▸ Task prompt
Retype the listing below exactly, pictures removed.

▸ Raw data
☆ ☆ ☆ ☆

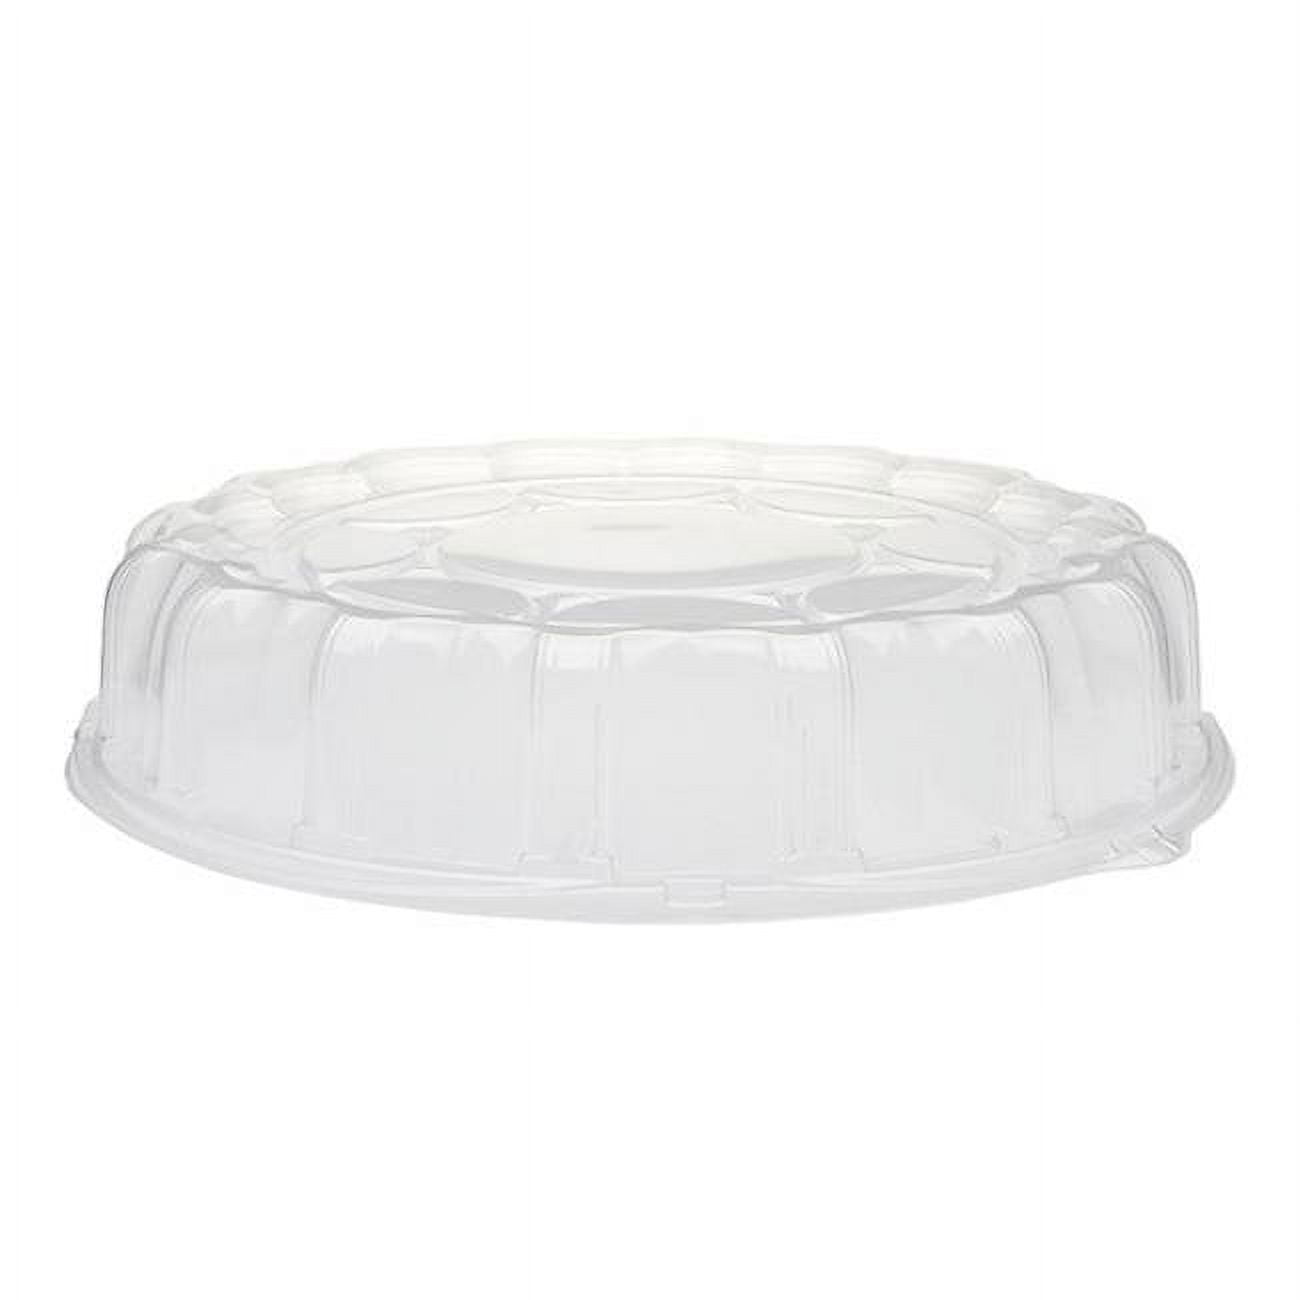 Picture of Pactiv Corporation P9816Y Lid Catering Tray, Case Of 50 - 16 in.
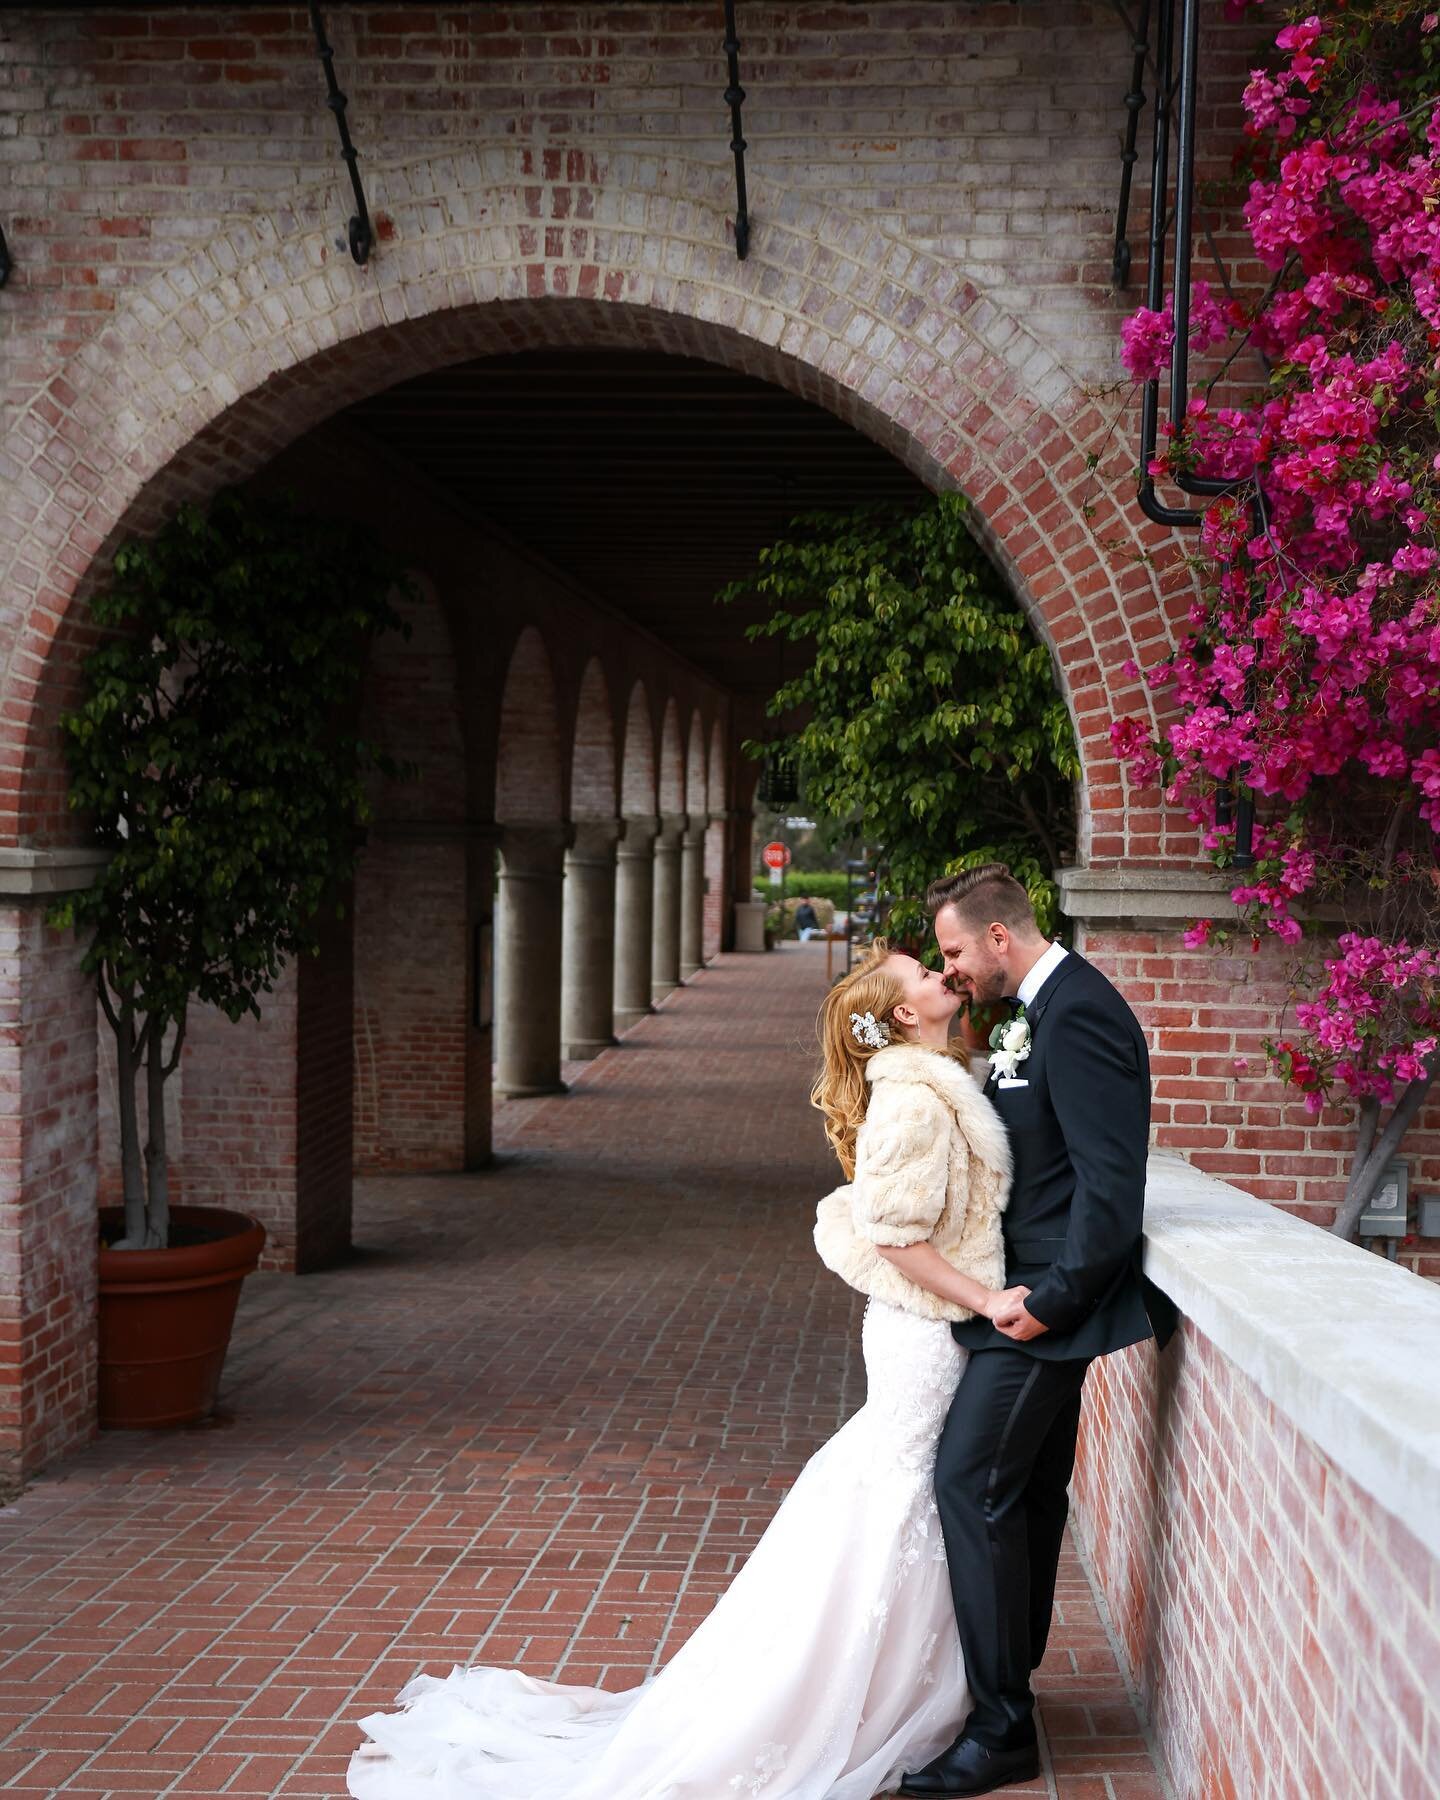 Amore in Cali: Capturing their Italian-inspired love story in Southern California. Forever starts here. ❤️🇮🇹 #socalwedding #weddingdestinationphotographer
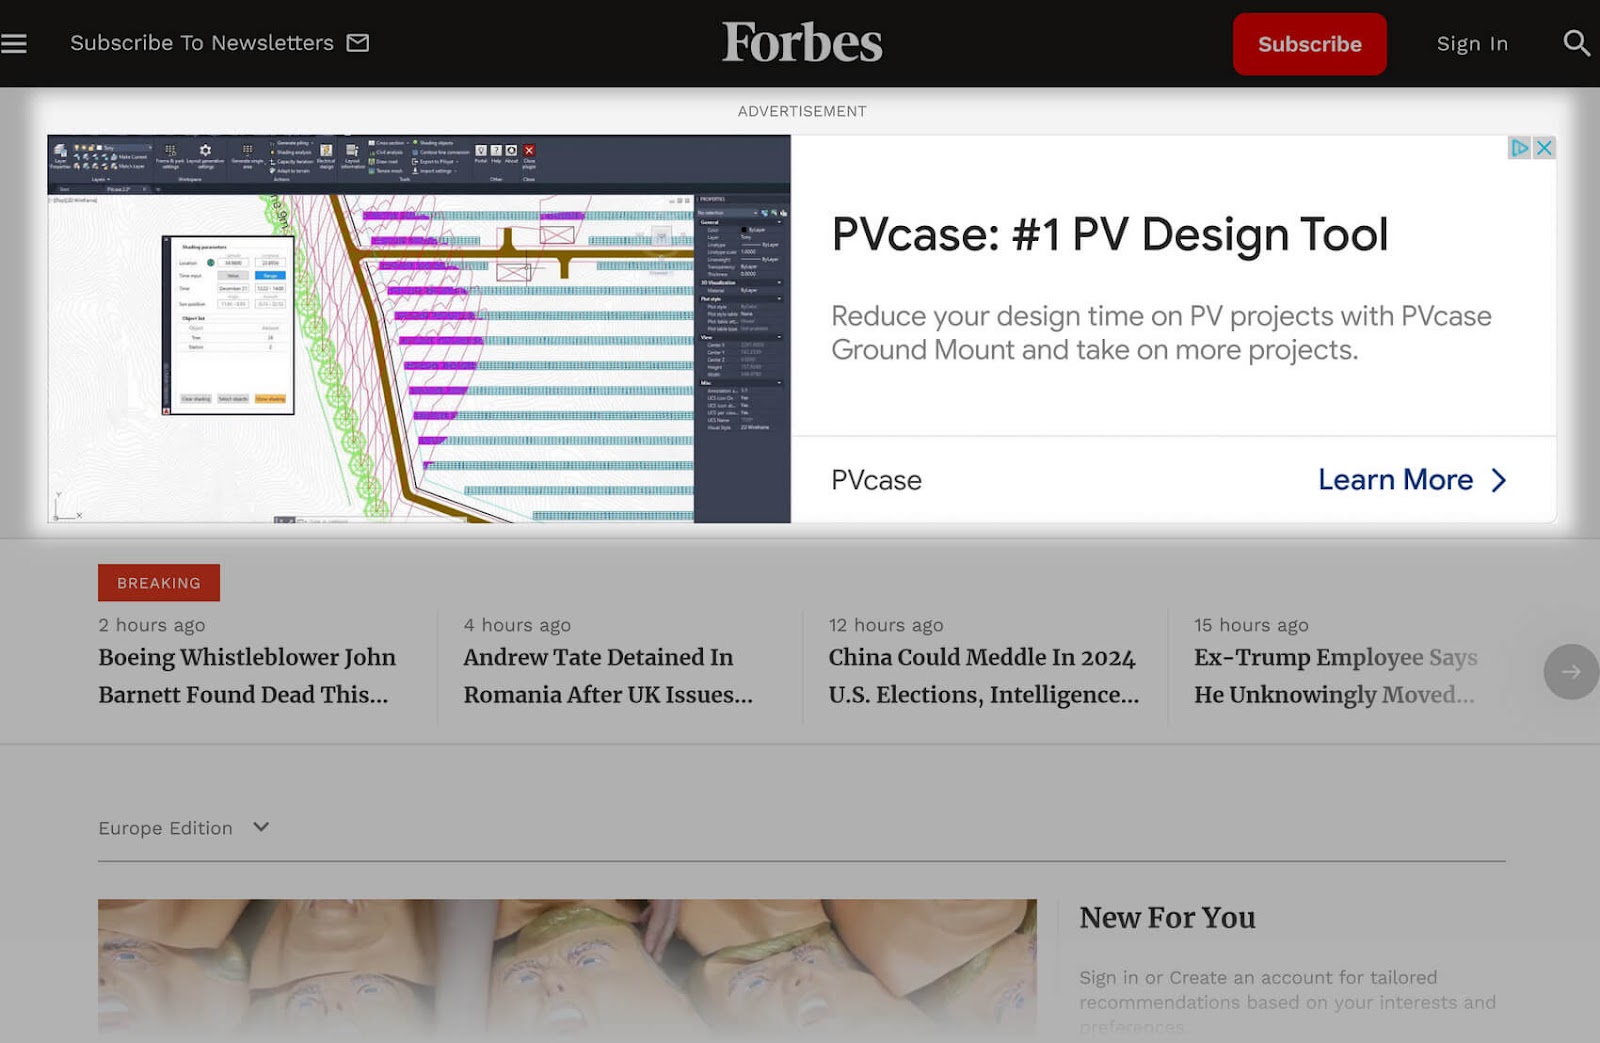 A show  advertisement  connected  Forbes’ homepage

☆ ☆ ☆ ☆

▸ Your solution
 Picture of Pactiv Corporation P9816Y Lid Catering Tray, Case Of 50 - 16 in.
 Amore in Cali: Capturing their Italian-inspired love story in Southern California. Forever starts here. ❤️🇮🇹 #socalwedding #weddingdestinationphotographer
 A show  advertisement  connected  Forbes’ homepage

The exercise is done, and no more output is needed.